This is legitemately the most fail proof and reliable method I have seen by far; creating a cooling loop with the aqua tuner around the vent. The method shown in this topic looks like it can very easily jam within the 25C mark.
Last edited by Shame; Mar 1, 2021 @ 12:55pm
cswiger Mar 1, 2021 @ 2:45pm 
Originally posted by Shame:
This doesn't look like a proper tamer. If the Steam ends up staying between 100C - 124C you will stay stuck with that steam in the chamber and will not be able to get any water out of it.
Almost all of the steam will be heated to just above 125C via the metal tiles adjacent to the aquatuner inside the central hotbox (which is kept at ~140C) and is consumed at a rate of 4 kg/s by the steam turbines.

For many cool steam vents, their peak output can and will be handled entirely by the turbines. However, there is a minority of "high volume" CSVs which have an output of significantly more than 4 kg/s of steam during the eruption phase.

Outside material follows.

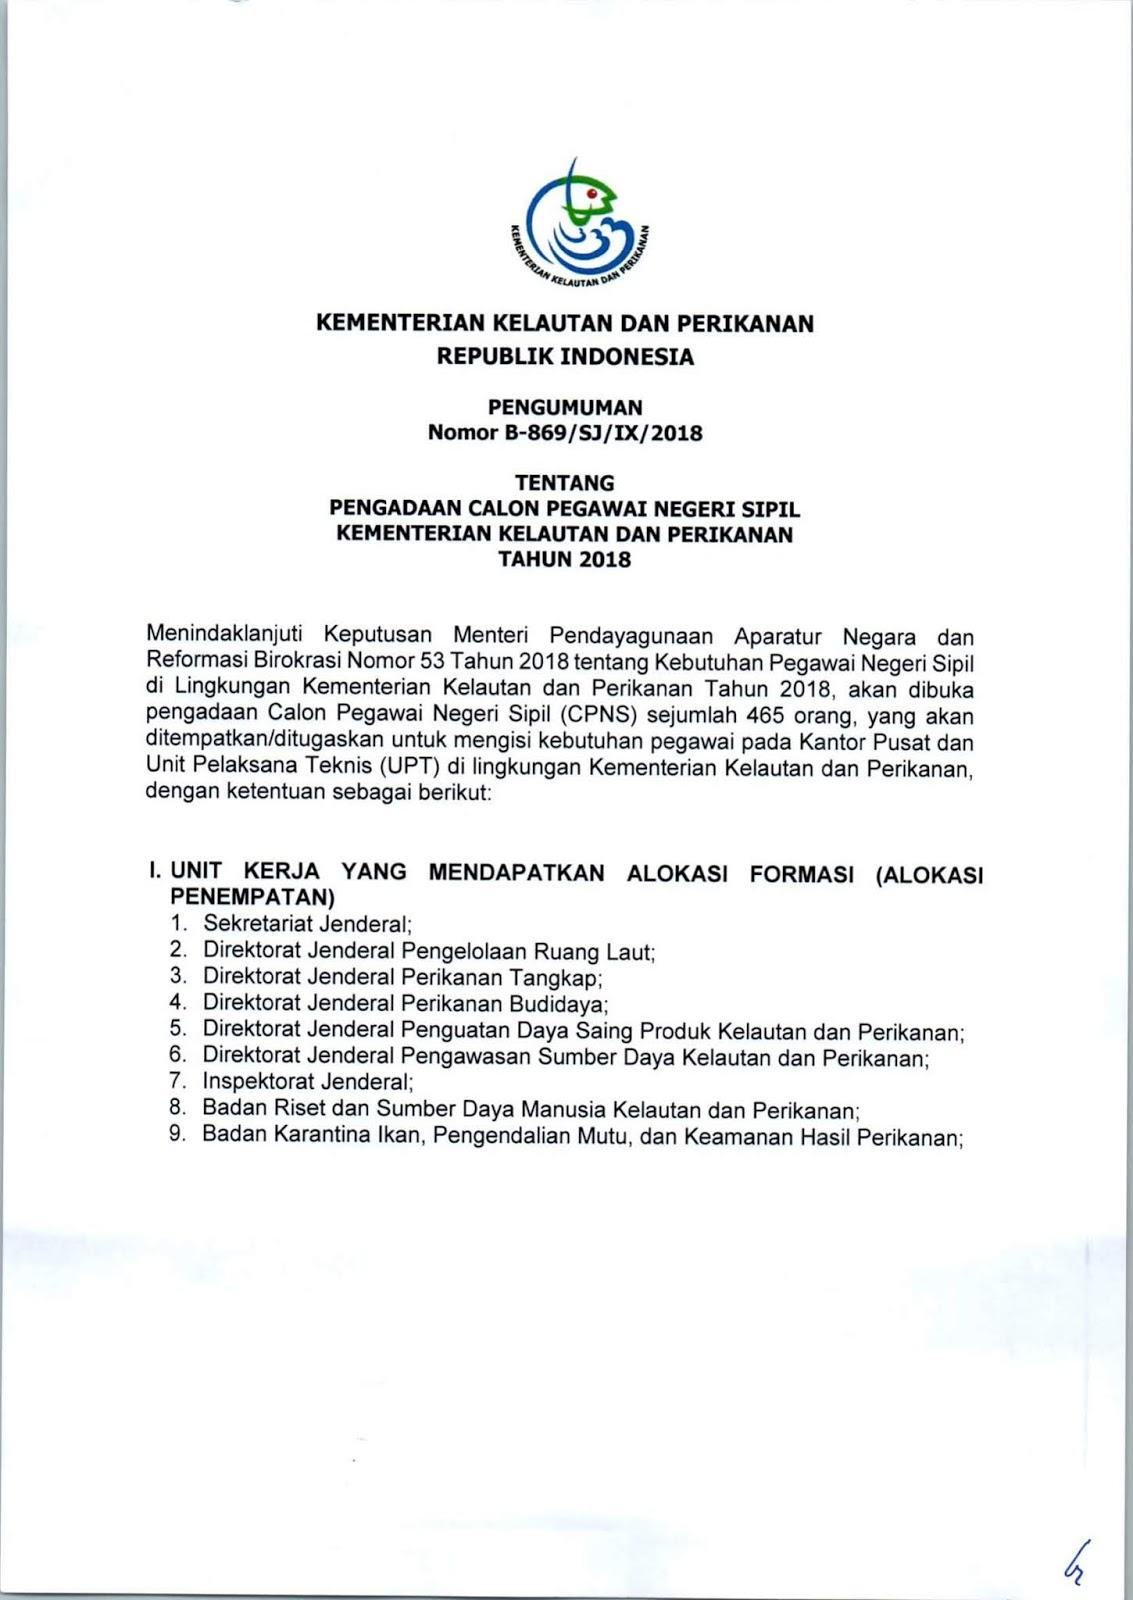 Lowongan Kerja   CPNS Kementerian Kelautan dan Perikanan   [465 Formasi]  Oktober 2018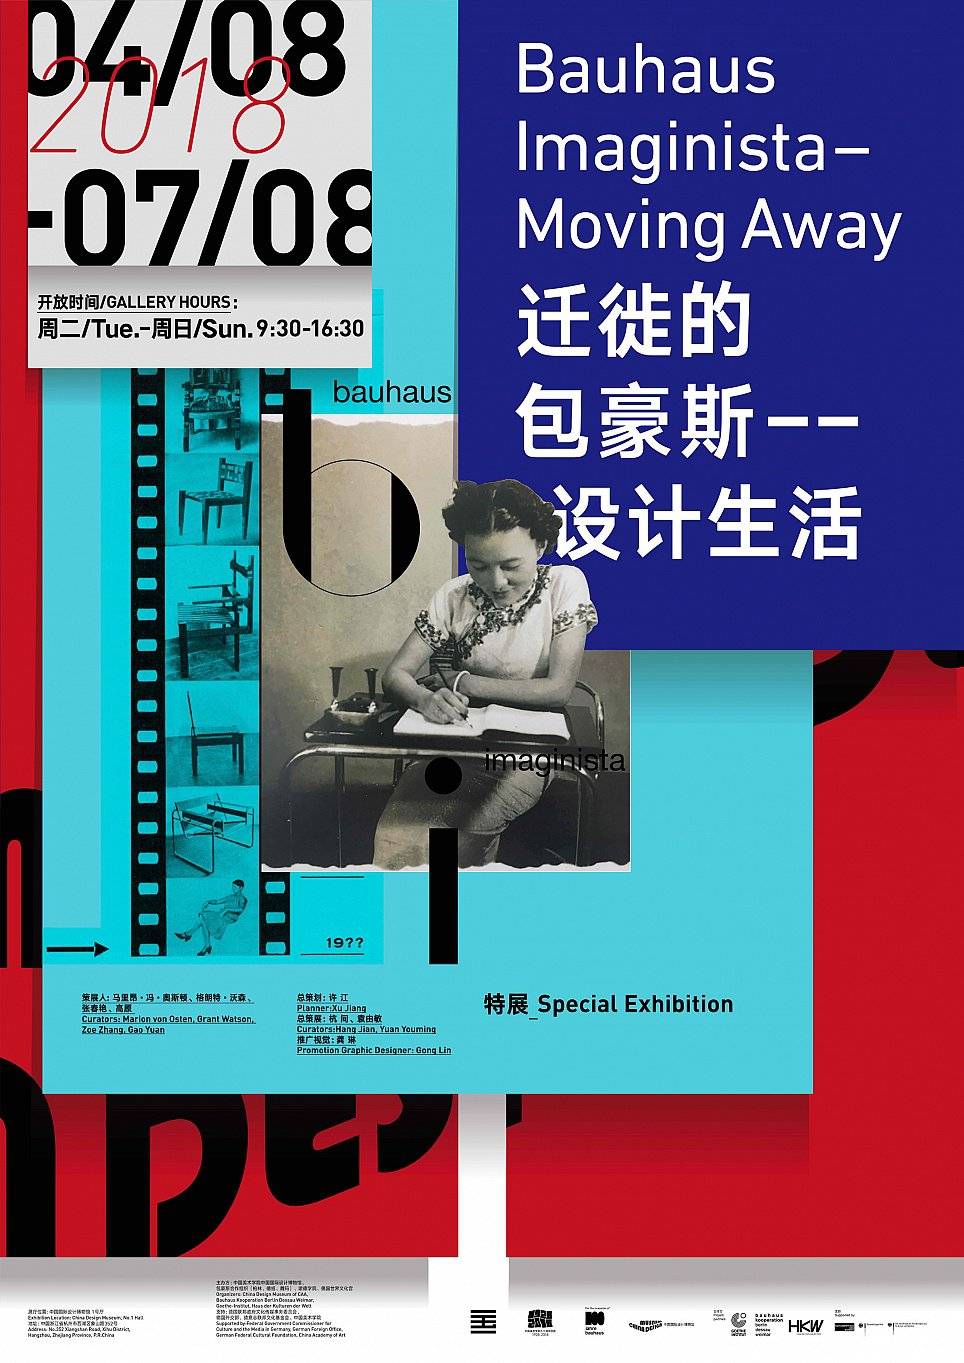 bauhaus imaginsta: Moving Away, Hangzhou

For those, the extra steam output needs to be condensed and pumped instead to avoid loss of water due to the vent over-pressurizing. If the player cares to trade extra power needed to condense the water and pump it, they can do so efficiently with this design-- as shown in the savefiles above.
Angpaur Mar 2, 2021 @ 3:41am 
So I tested both variants:

Laboratory save: Vent should output 1475kg. Stored 1373.4kg (7% less)
https://steamcommunity.com/sharedfiles/filedetails/?id=2412442714

Fortress save: Vent should output 1391Kg. Stored 1107kg (20% less)
https://steamcommunity.com/sharedfiles/filedetails/?id=2412529073

7% lost water might seem not that bad, but 20% is just objectively bad.
madcow Mar 2, 2021 @ 7:13am 
OP...if a steam vent outputs more than 4kg/s, then you need 3 Steam Turbines to keep up with the vent's output. Each Turbine converts 2kg/s steam to water if all 5 inputs are unblocked, so you need a 3rd turbine to deal with the greater than 4kg/s output.

Otherwise you are not getting the full output of the vent as noted by Angpaur.

When built correctly, you will get 100% of the output since the vent will never overpressure.
Last edited by madcow; Mar 2, 2021 @ 7:15am
cswiger Mar 2, 2021 @ 8:14am 
Thanks for running a test.

However, I don't recognize all the neutronium in the image of Fortress. That seems to be the lower CSV, rather than the upper one. Did you add neutronium via sandbox mode to prevent any heat transfer and cooling from the external environment?

The Lab CSV and the upper Fortress CSV are using a design which provides more active cooling; the lower Fortress CSV was built back in December and is less efficient.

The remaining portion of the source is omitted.